The court filing says Hastert had the boy strip naked and lay on a bed under the guise of treating a groin pull, but it “became clear to Individual A that defendant was not touching him in a therapeutic manner to address a wrestling injury but was touching him in an inappropriate sexual way.” The boy then ran across the room, confused and embarrassed, before Hastert asked him to get onto Hastert’s back and to give the coach a massage. “Defendant lay on the bed in only his underwear, and Individual A gave him a back massage,” the prosecutors said. “They then went to sleep in the same bed.”

When Hastert was charged last year, the accusations rattled the town of Yorkville, Illinois, about an hour west of Chicago. Hastert, a Republican who served as House speaker from 1999 to 2007, was regarded as a hero by many in Yorkville, where he had taught high school. But prosecutors said Hastert’s life had been “marred by stunning hypocrisy.”

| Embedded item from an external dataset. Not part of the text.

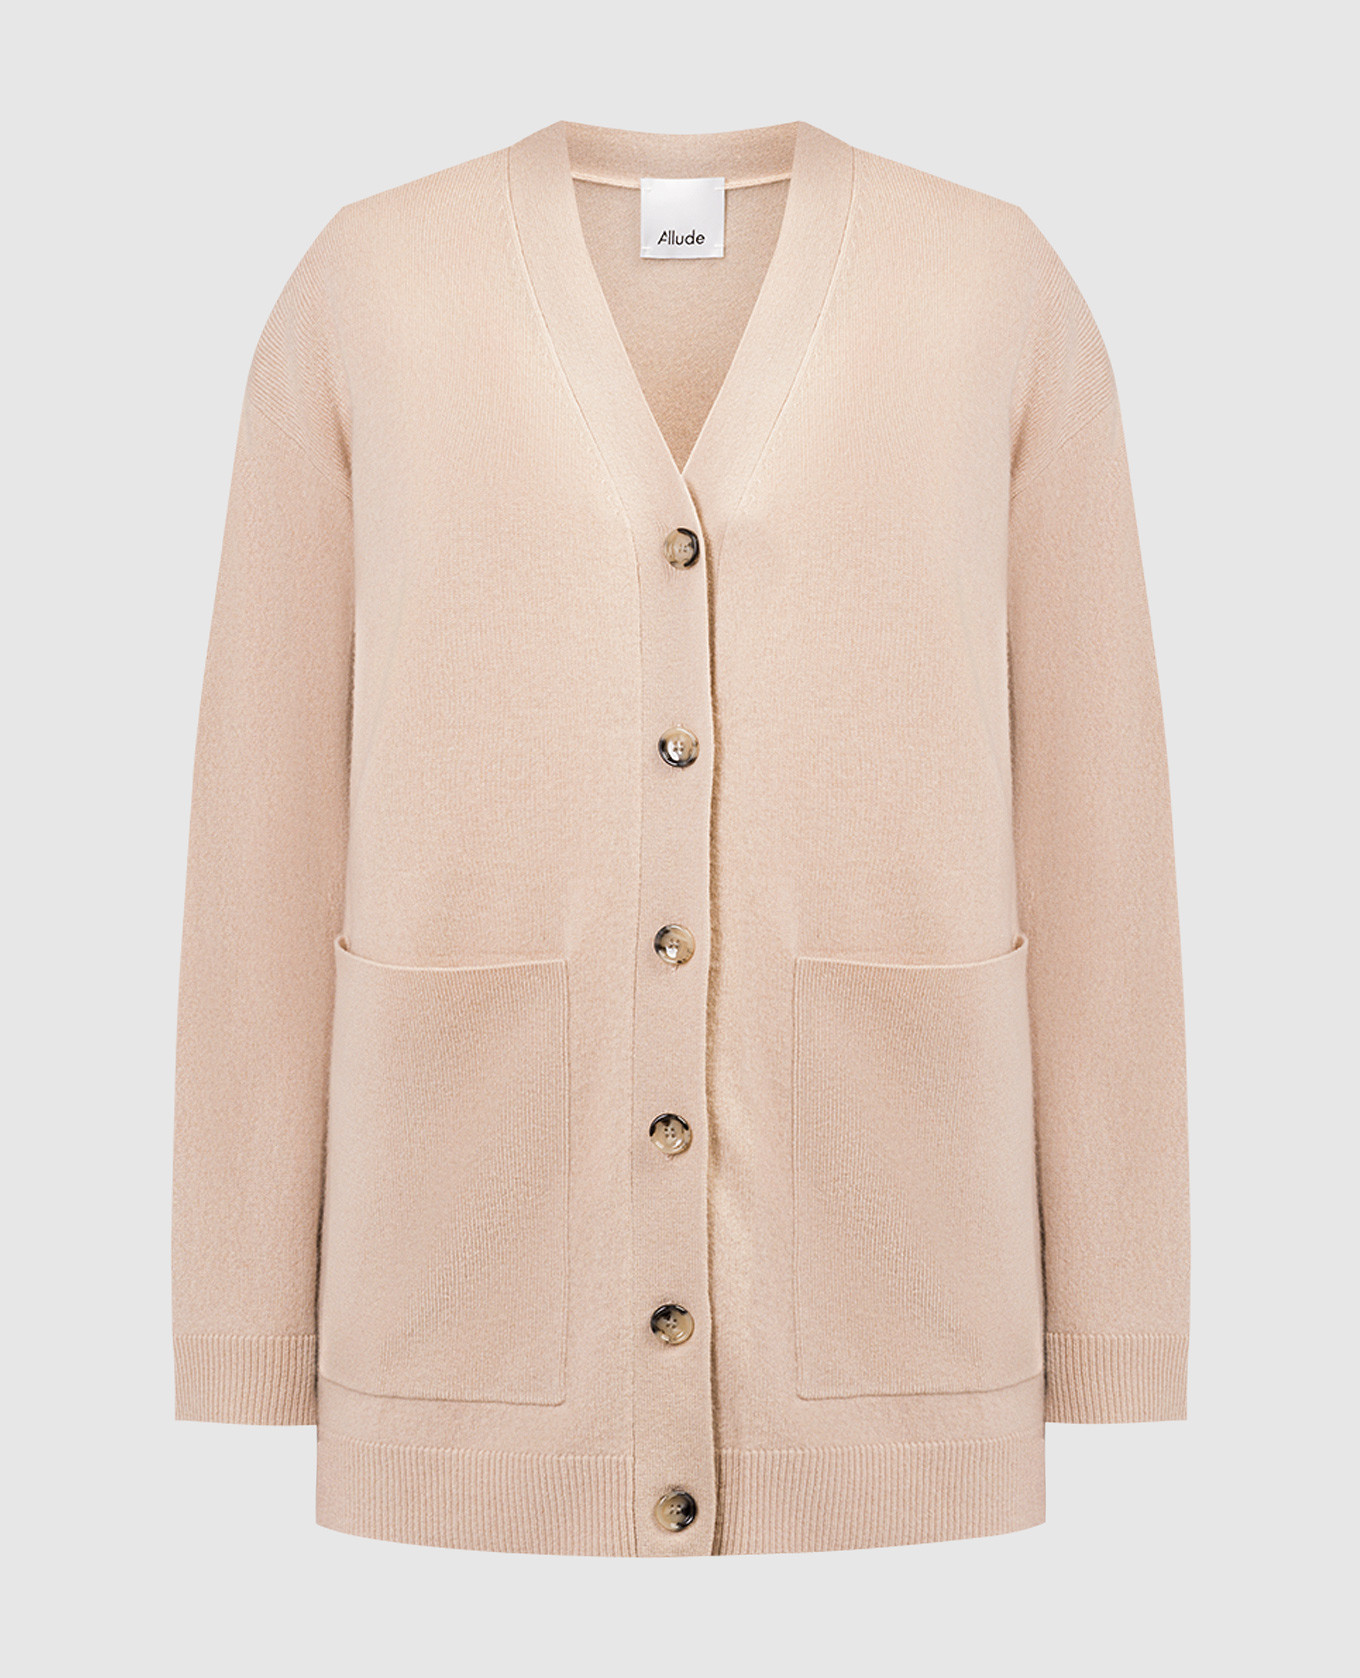 Beige wool and cashmere cardigan

“He made them feel alone, ashamed, guilty and devoid of dignity,” the court filing said. “While defendant achieved great success, reaping all the benefits that went with it, these boys struggled, and all are still struggling now with what defendant did to them.”

In the court filing, prosecutors said they believed Hastert should face as much as six months in prison, as suggested under federal guidelines.

Prosecutors took note of Hastert’s poor health but said that Hastert could continue getting medical care in prison if needed.

Steven A. Block, an assistant U.S. attorney, said that Hastert’s sentencing judge should “balance the positive nature of defendant’s public service with the need to avoid a public perception that the powerful are treated differently than ordinary citizens when facing sentencing for a serious crime.”